All you need to know about Database Partitioning as a developer

ยท

6 min read

What is database partitioning?

Database partitioning means breaking your large data into smaller partitions to access the data quickly.

For example, we have a database with 1 million rows. Row-id starting from 0 to a million. Suppose we need a row with id 700001. A naive approach would be to query the database as

`SELECT name FROM customers where id=700001`

This would query the database to search all over from 0 to 700001. This is NOT what we love because it's computationally expensive.

To avoid this, we create partitions. Let's say from 0 to 200k, 200k to 400k, 400k to 600k and so on.

What is horizontal and vertical partitioning?

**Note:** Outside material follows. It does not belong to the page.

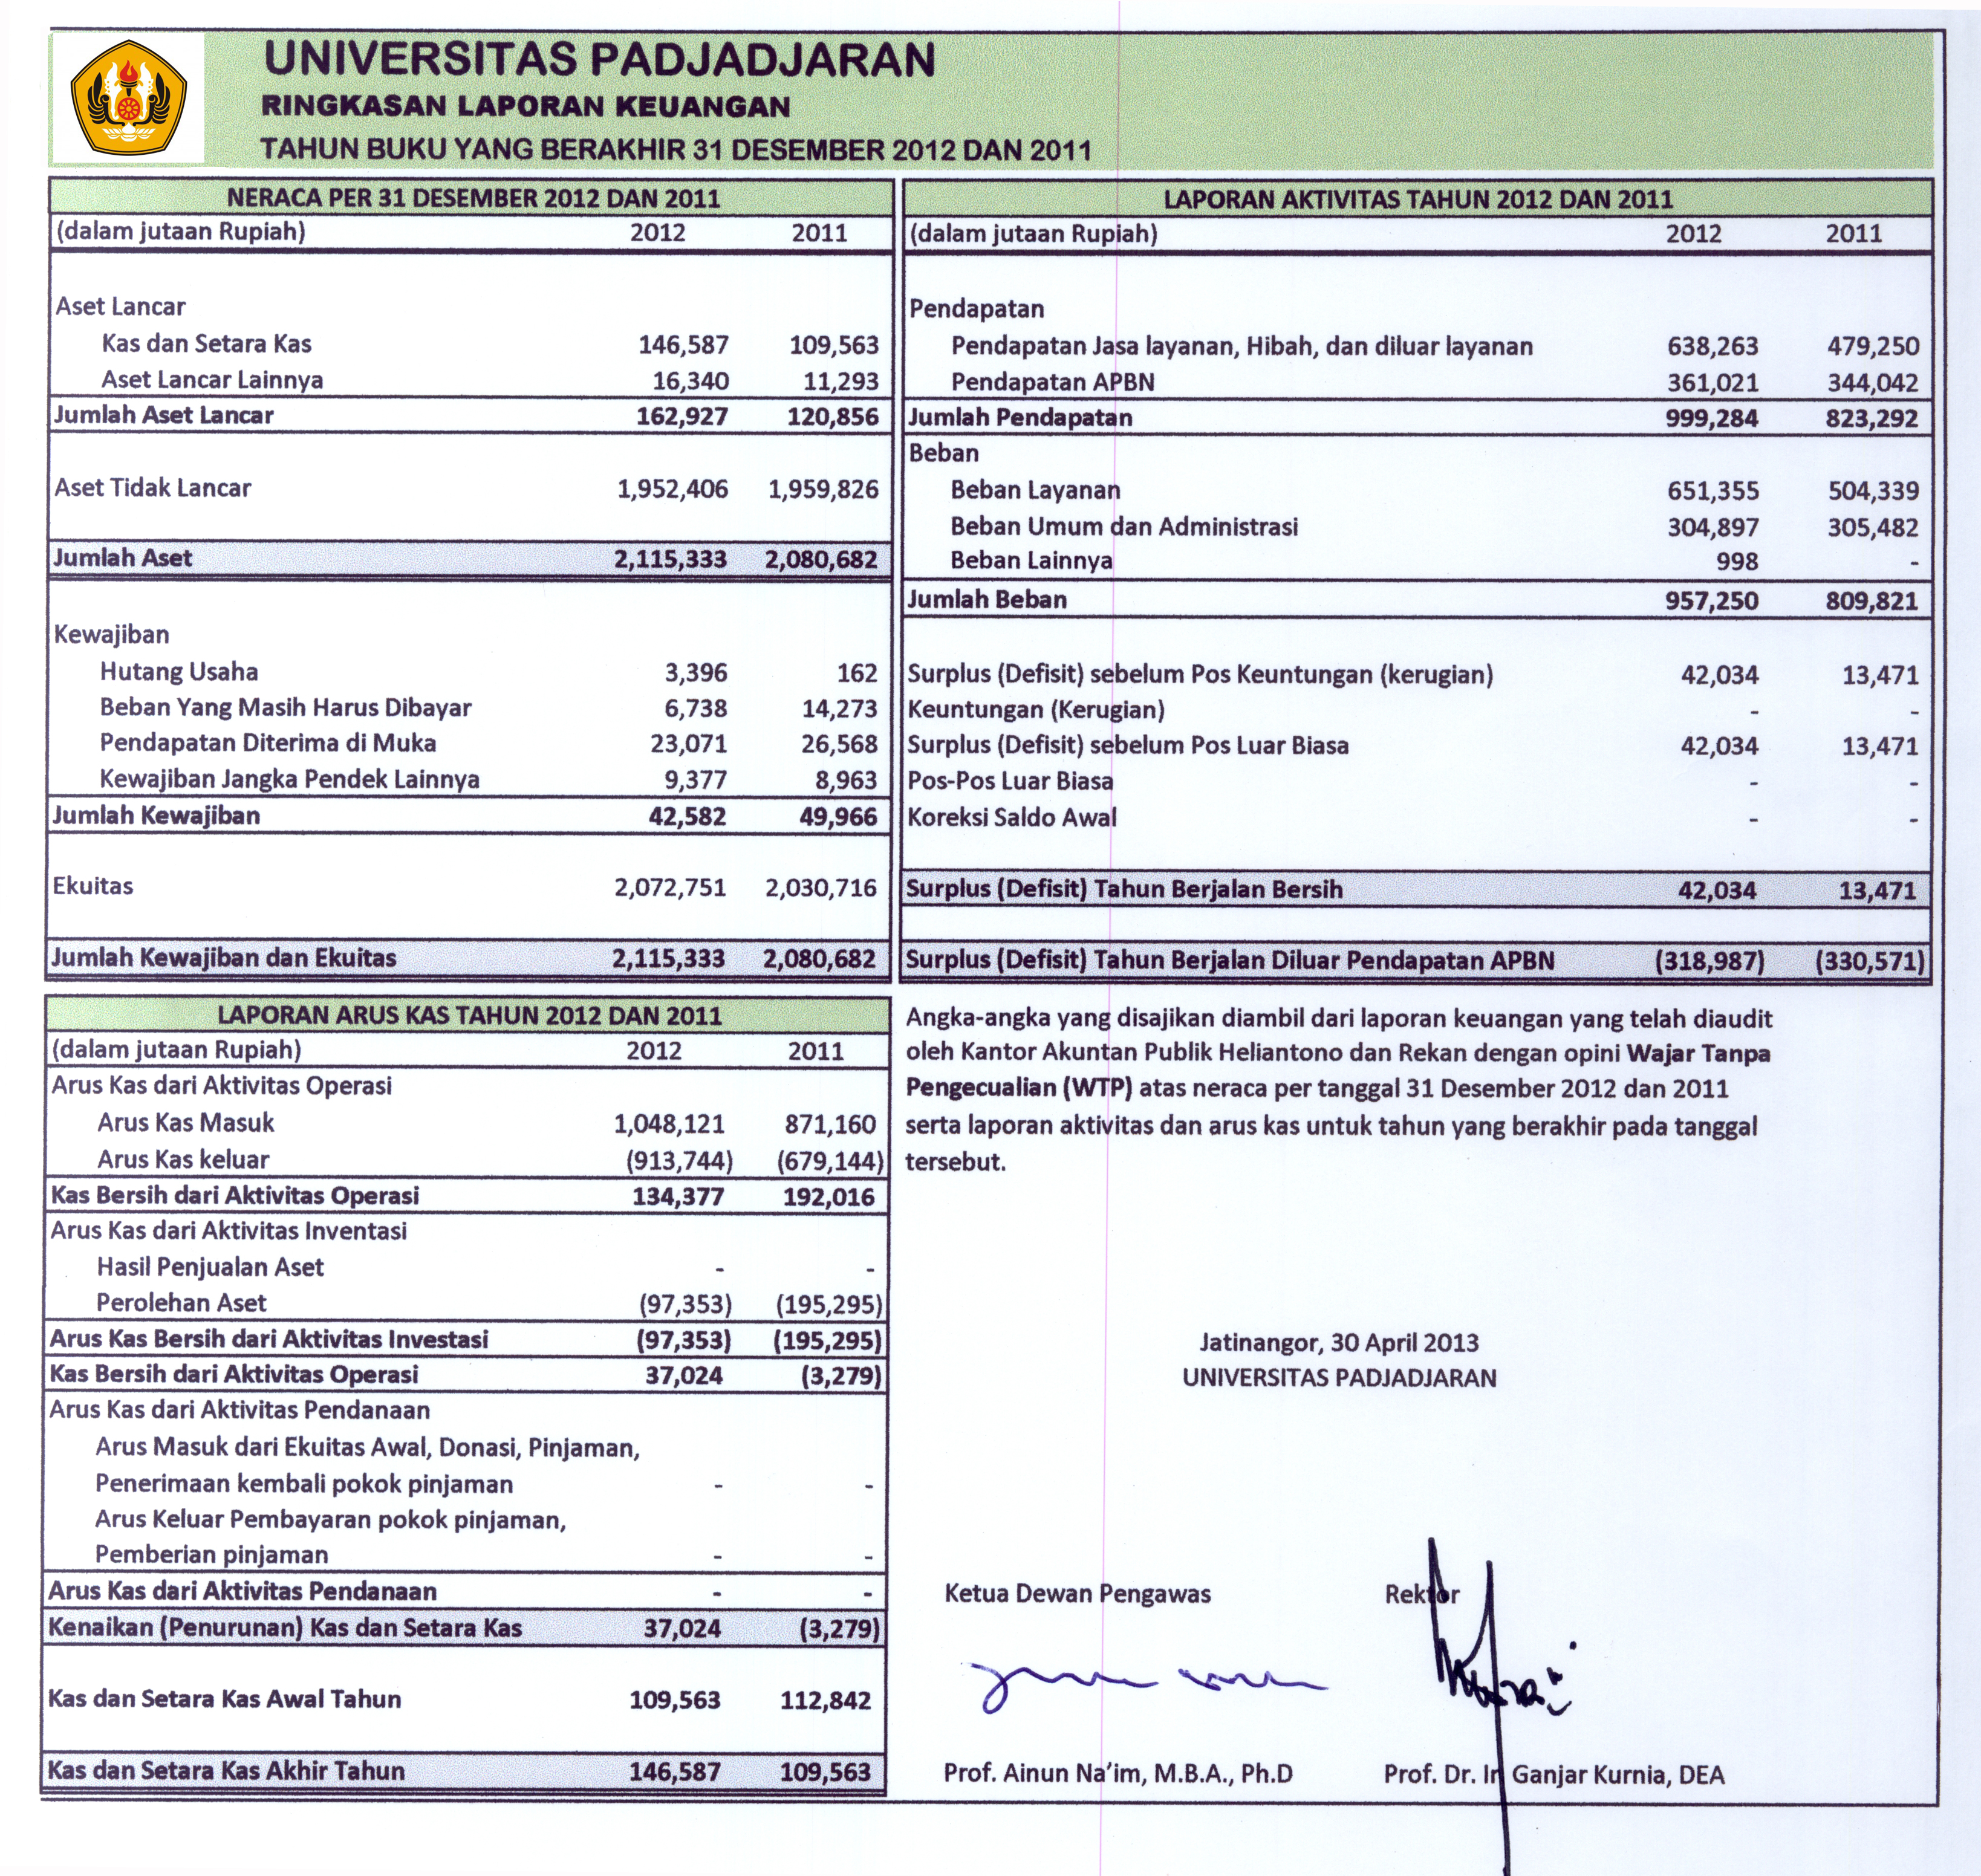 Keuangan Universitas Padjadjaran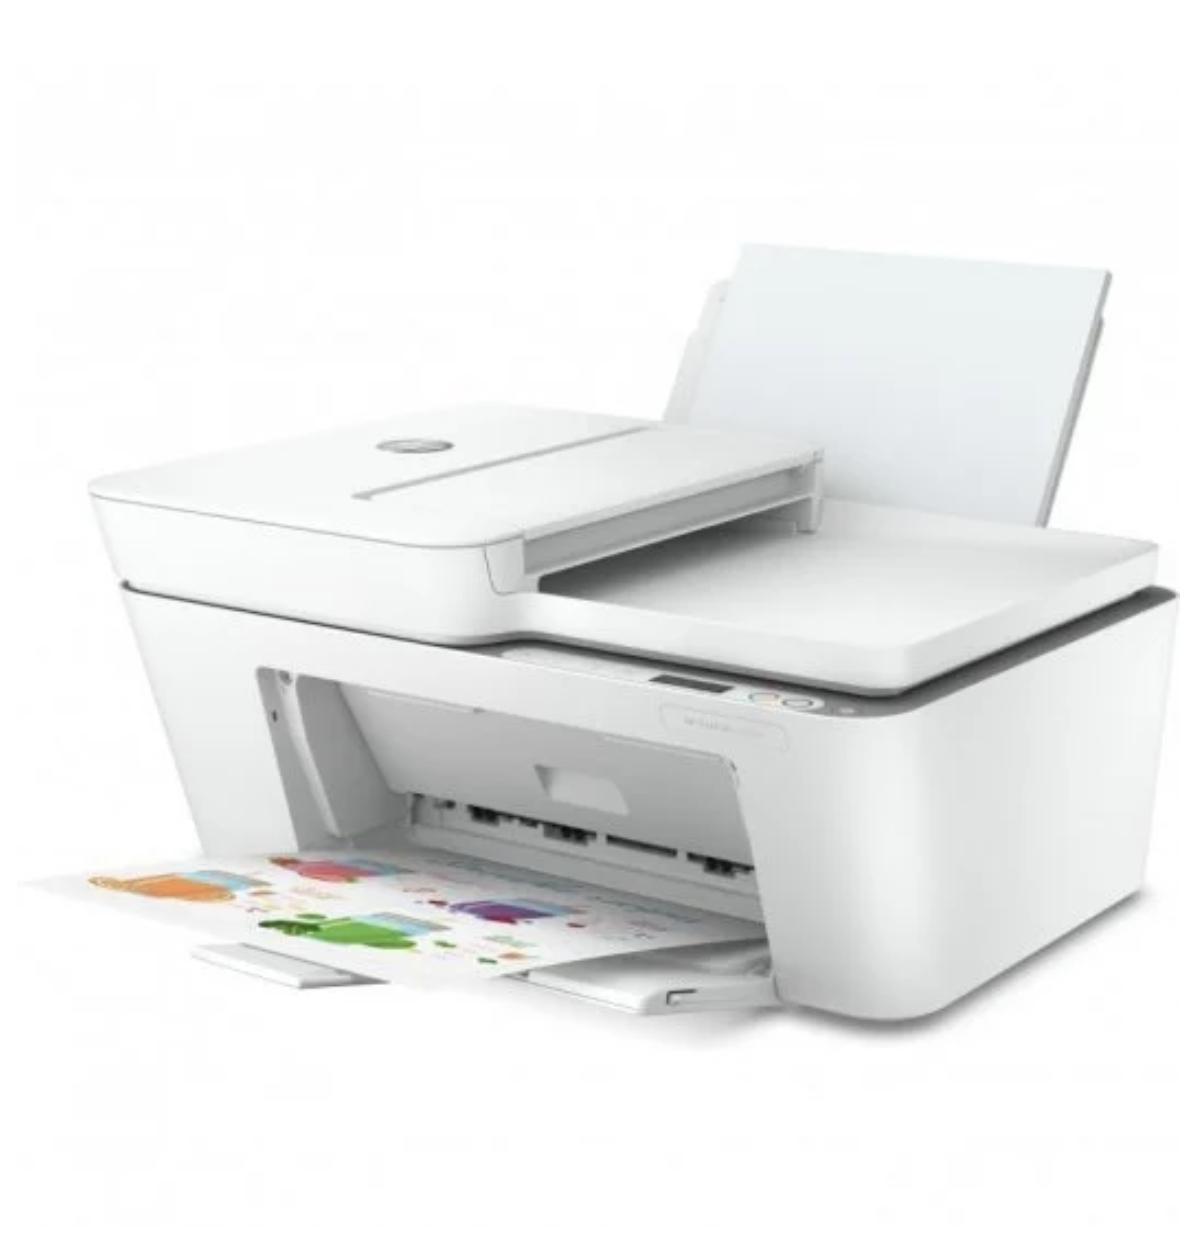 HP DeskJet 4120e Multifunción Color WiFi + 6 Meses de Impresión Instant Ink con HP + HP 305XL

  • Horizontal partitioning splits rows into partitions

    • Range or List
  • Vertical partitioning splits columns into partitions

    • Large column (blob) that you can store in a slow access drive in its own tablespace

What are the types of partitioning?

  • By Range

    • Dates, ids (e.g. by log date or customer id)
  • By List

    • Discrete Values (eg. states CA, AL, etc.) or zip codes
  • By Hash

    • Hash functions (consistent hashing), ps: used by Cassandra

Horizontal Partitioning vs Sharding

  • Horizontal Partitioning splits big tables into multiple tables in the same database and the client is agnostic.

  • Sharding splits the big table into multiple tables on multiple DB servers.

  • Horizontal Partitioning changes table names (or schema)

  • In sharding everything is the same, just the server changes.

Demo of Horizontal Partitioning - Example with Postgres

  • For this example, let's spin up a Postgres instance with Docker, if you don't have Docker installed, you can install it from here.
docker run --name pgmain -d -e POSTGRES_PASSWORD=postgres postgres
docker exec -it pgmain bash
psql -U postgres

now you will see a prompt like this,

postgres=#

here we can query our Postgres database.

create table grades_org ( id serial not null, g int not null);

This query will create a grades original table (grades_org). This will be the original table of which we want to make partitions.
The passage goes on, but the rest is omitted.